## Recorded data
______________________________

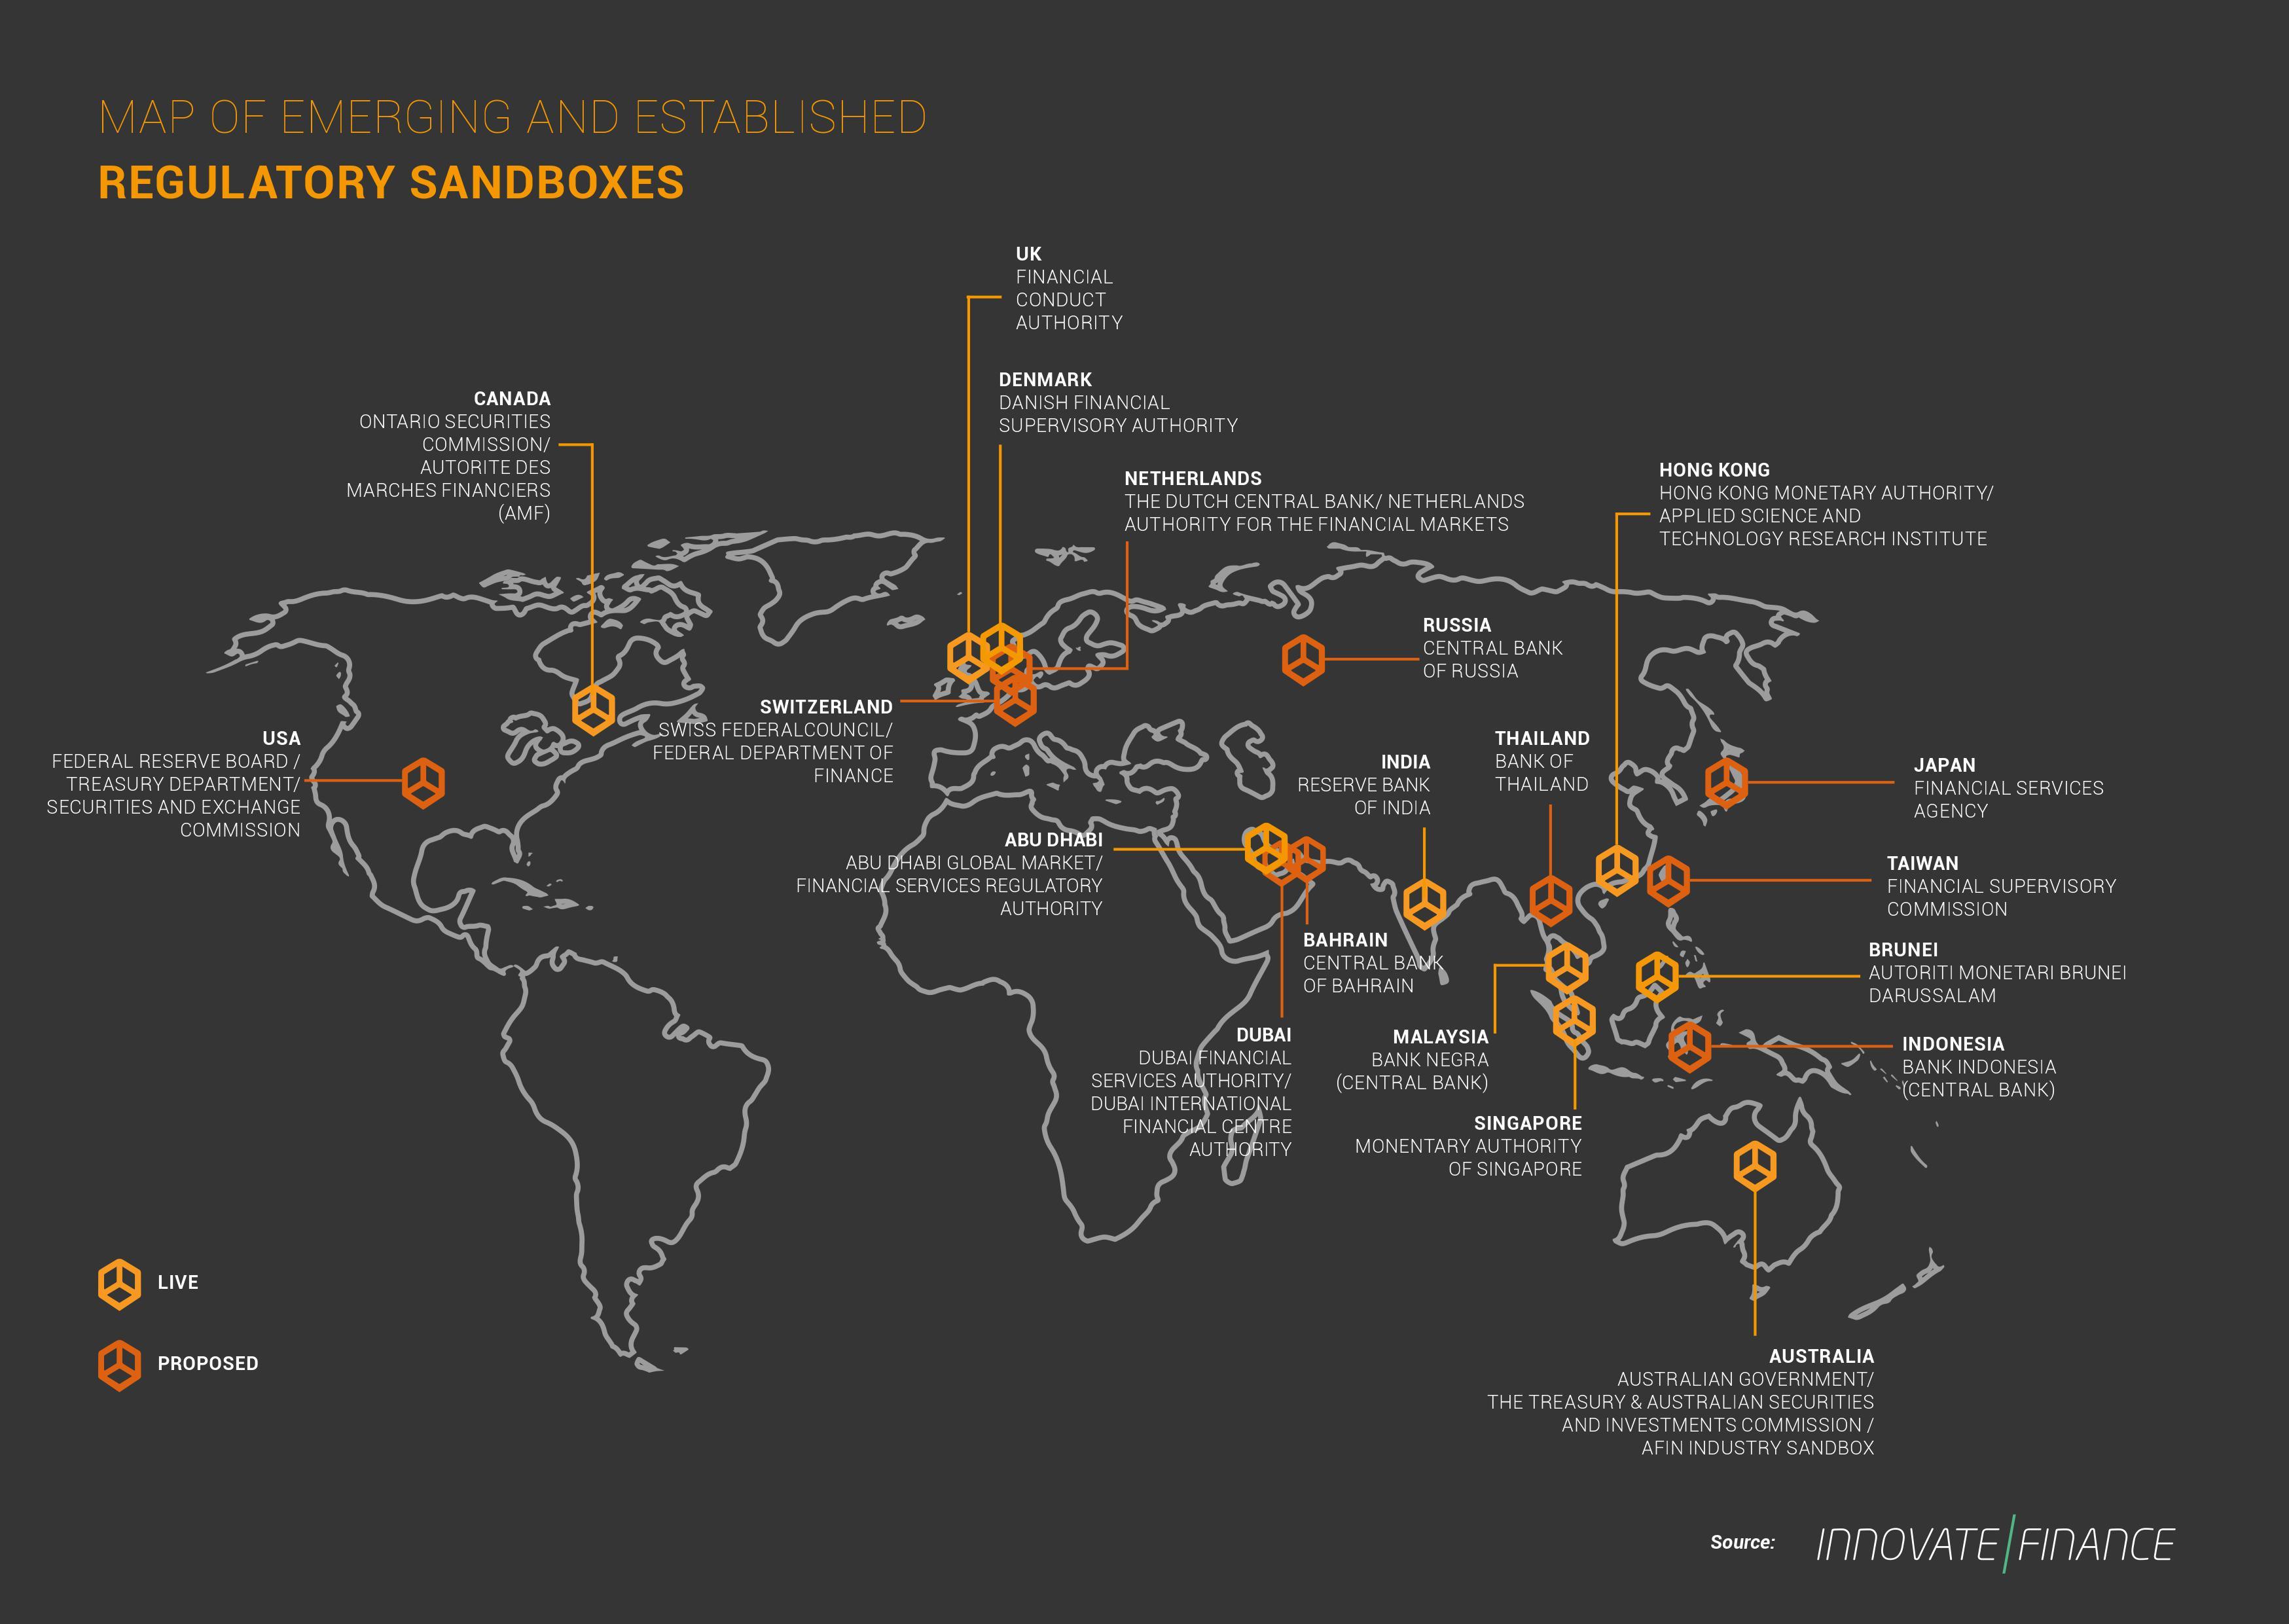 Regulatory sandboxes
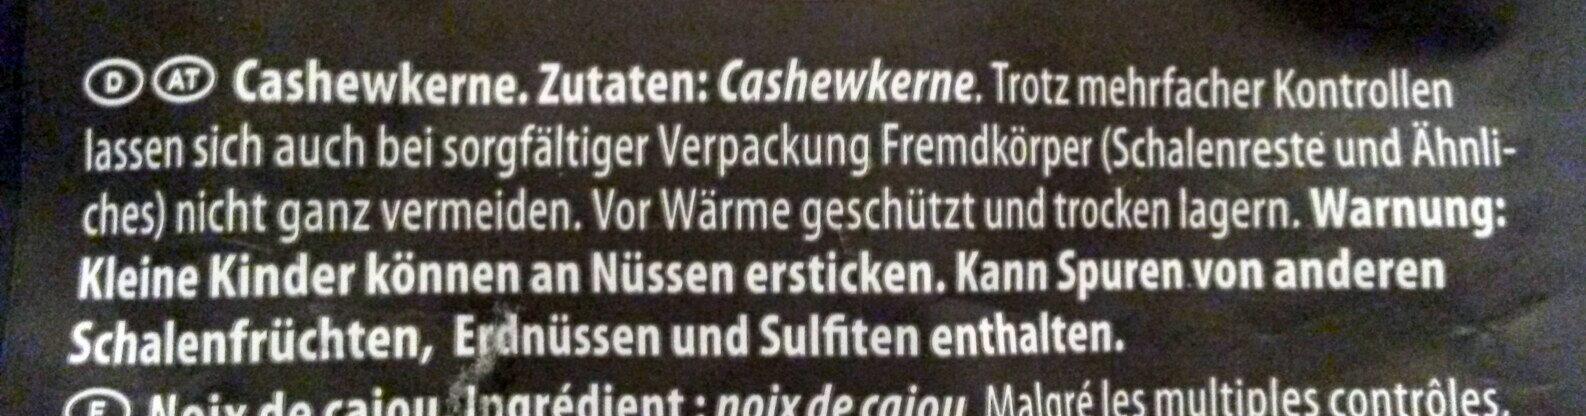 Cashewkerne, Naturell - Ingredienti - de
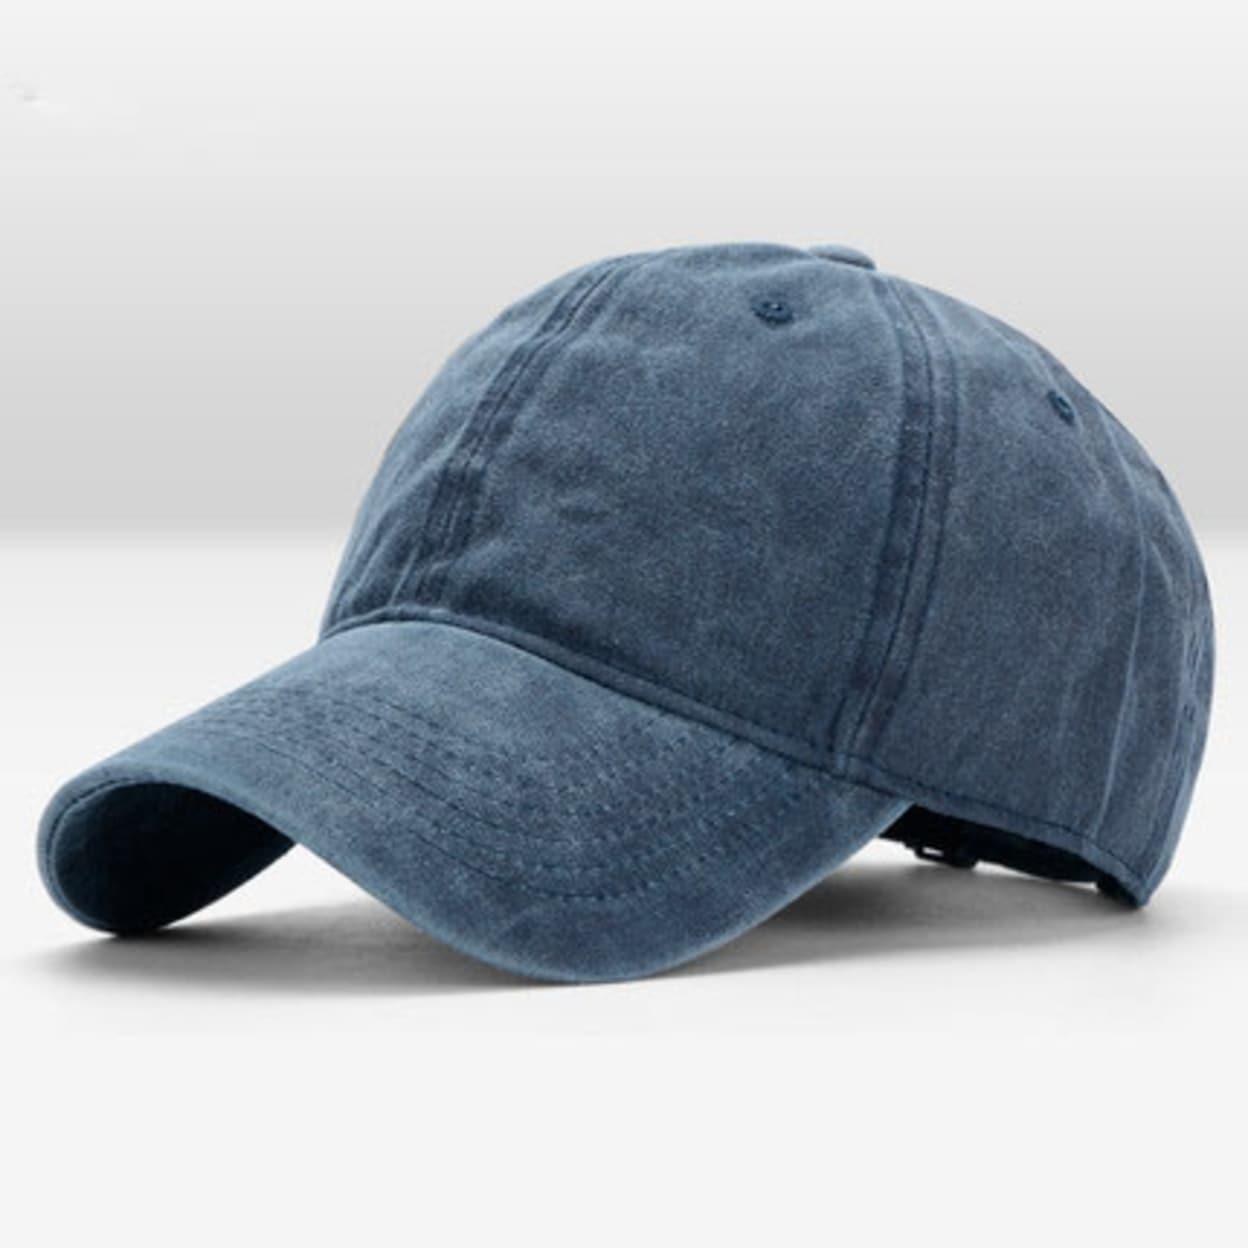 87a04c8f6b Navy Blue Vintage Washed Dyed Cotton Hats Twill Low Profile Plain  Adjustable Women Men Hat Retro Baseball Caps
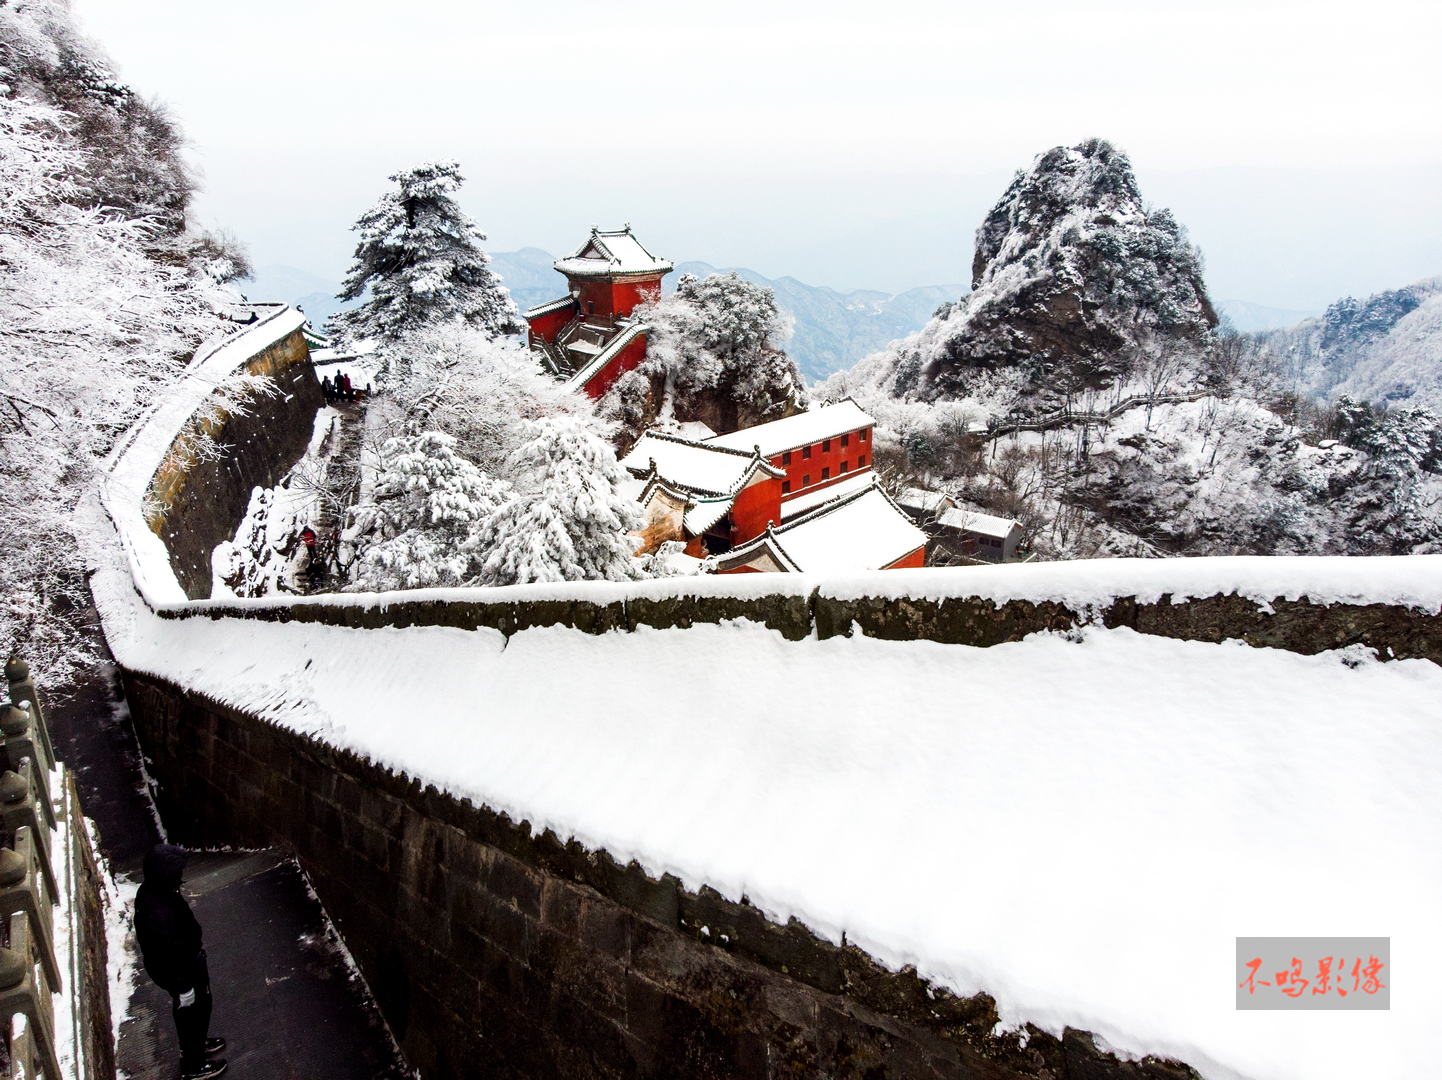 hk_c_65,雪后武当山.jpeg

______________________________

## Problem to work on
Write out the listing above exactly, images omitted.

## Solution to the exercise
 Regulatory sandboxes
 Cashewkerne, Naturell - Ingredienti - de
 87a04c8f6b Navy Blue Vintage Washed Dyed Cotton Hats Twill Low Profile Plain  Adjustable Women Men Hat Retro Baseball Caps
 hk_c_65,雪后武当山.jpeg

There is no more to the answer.